Powell remained in the Commons because A) he probably loved the placed too much to quit and B) with his his typical High Tory attitude he thought life peerages were a constitutional inovation too far and would only accept a hereditary peerage. Thatcher investigated giving him one after he lost in '87 but the advice from the men in dark suits was that it would set a bad precedent.

Powell would only become Chancellor if you could find someone who could politically stomach him in that role, (ASB from the 70s onwards) adheered to him economically (ASB before the 70s) and wasn't advised against it. Which is a very extreme stretch.

The chances of him lasting in any major frontline political role whatsoever for an extended period of time are essentially nill in any case because his judgement was so erratic and because of his general inability to work with people.

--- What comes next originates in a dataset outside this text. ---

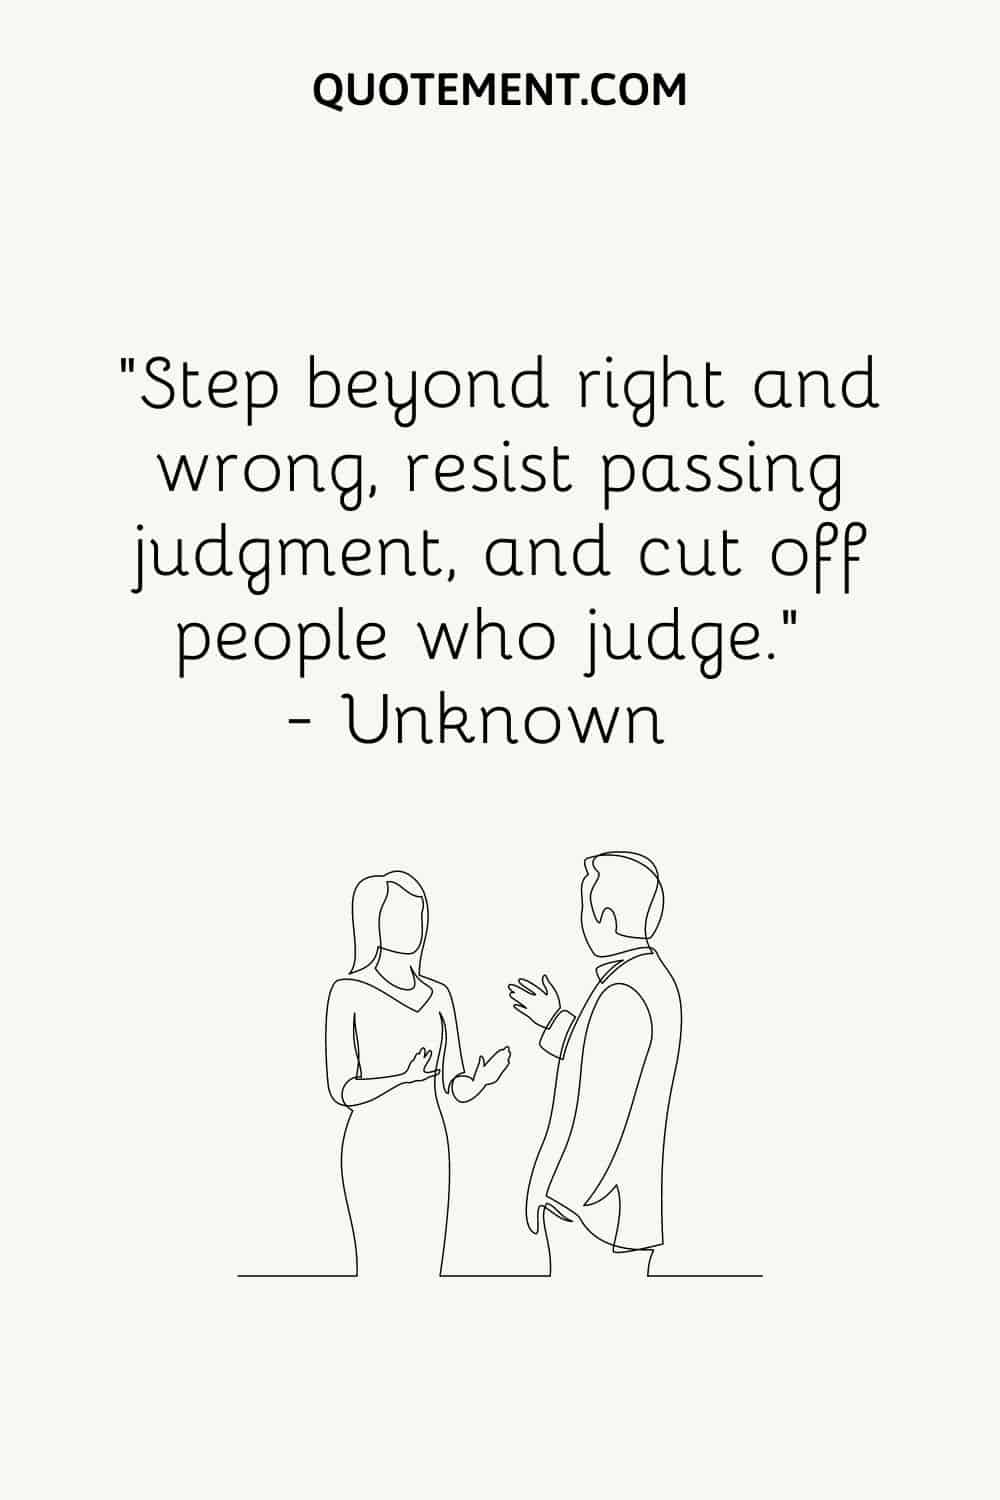 “Step beyond right and wrong, resist passing judgment, and cut off people who judge.” — Unknown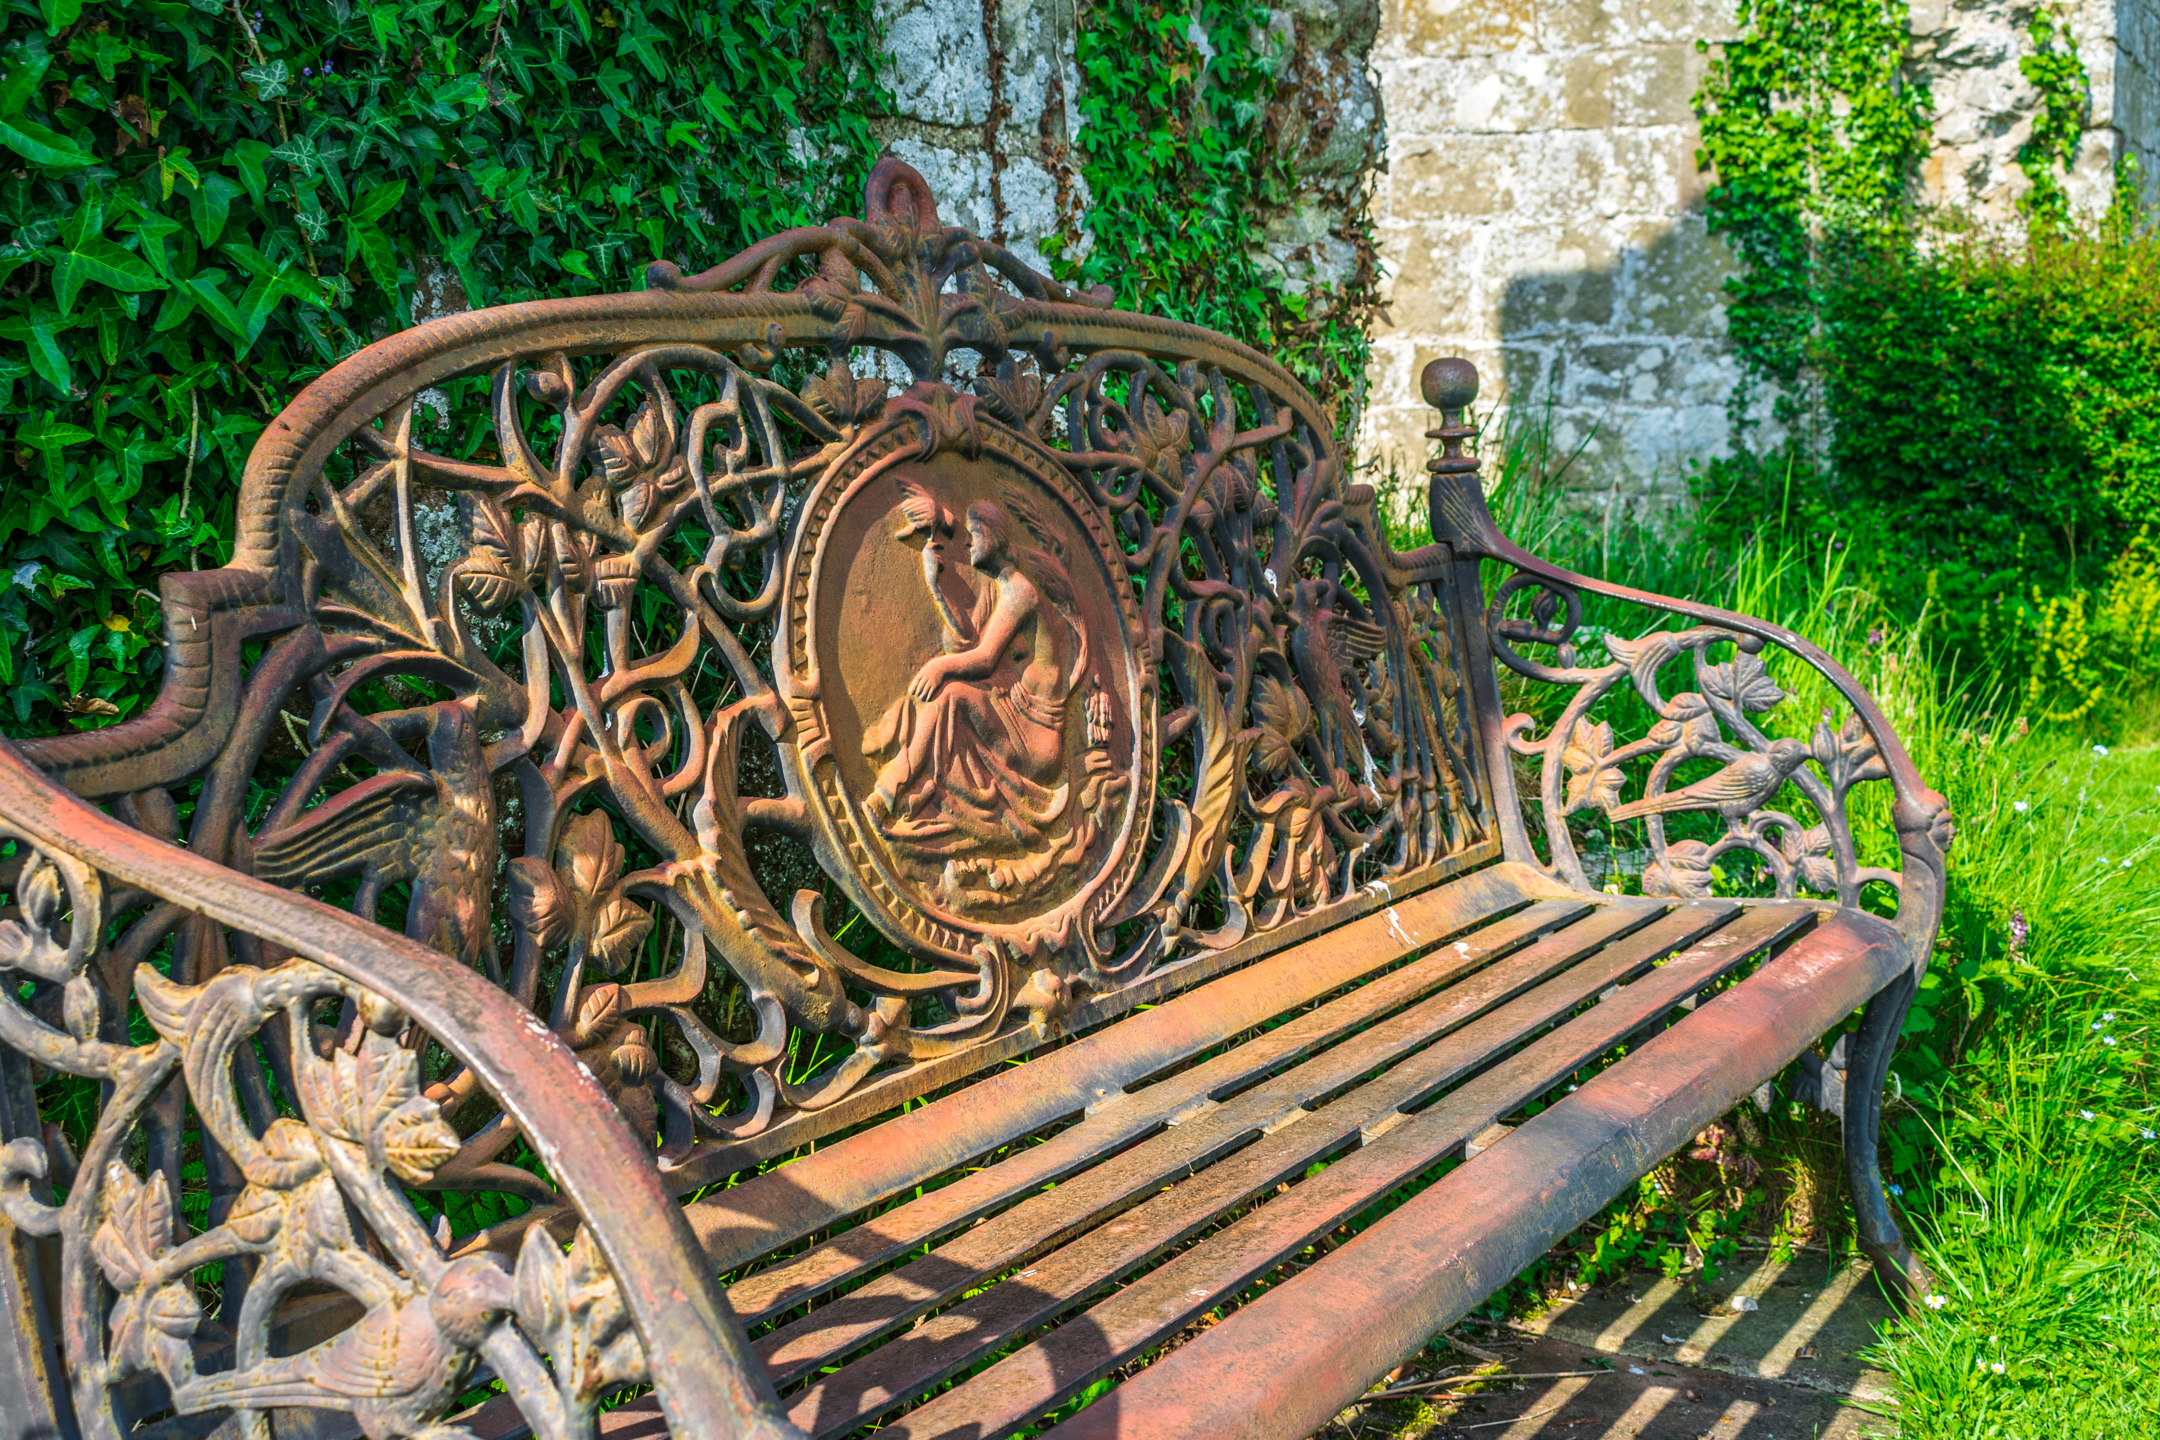 A very ornate wrought iron bench photographed in the grounds of Jervaulx Abbey in North Yorkshire.

I am not really sure why people are that interested in Powell, he was really quite a dull person.
 
I am not really sure why people are that interested in Powell, he was really quite a dull person.

As I said V-J, I don't really know why so many people here seem to like him either, sorry for giving that impression. I said that it was possible for him towns up as Chancellor (although very unlikely) and that I'm of the same mind as you when he should have just stuck to what he was good at, academia, rather than spending time in frontline politics, something he was never really cut out for.
 
No, sorry, that wasn't really directed at anyone specific, it was more of a general comment.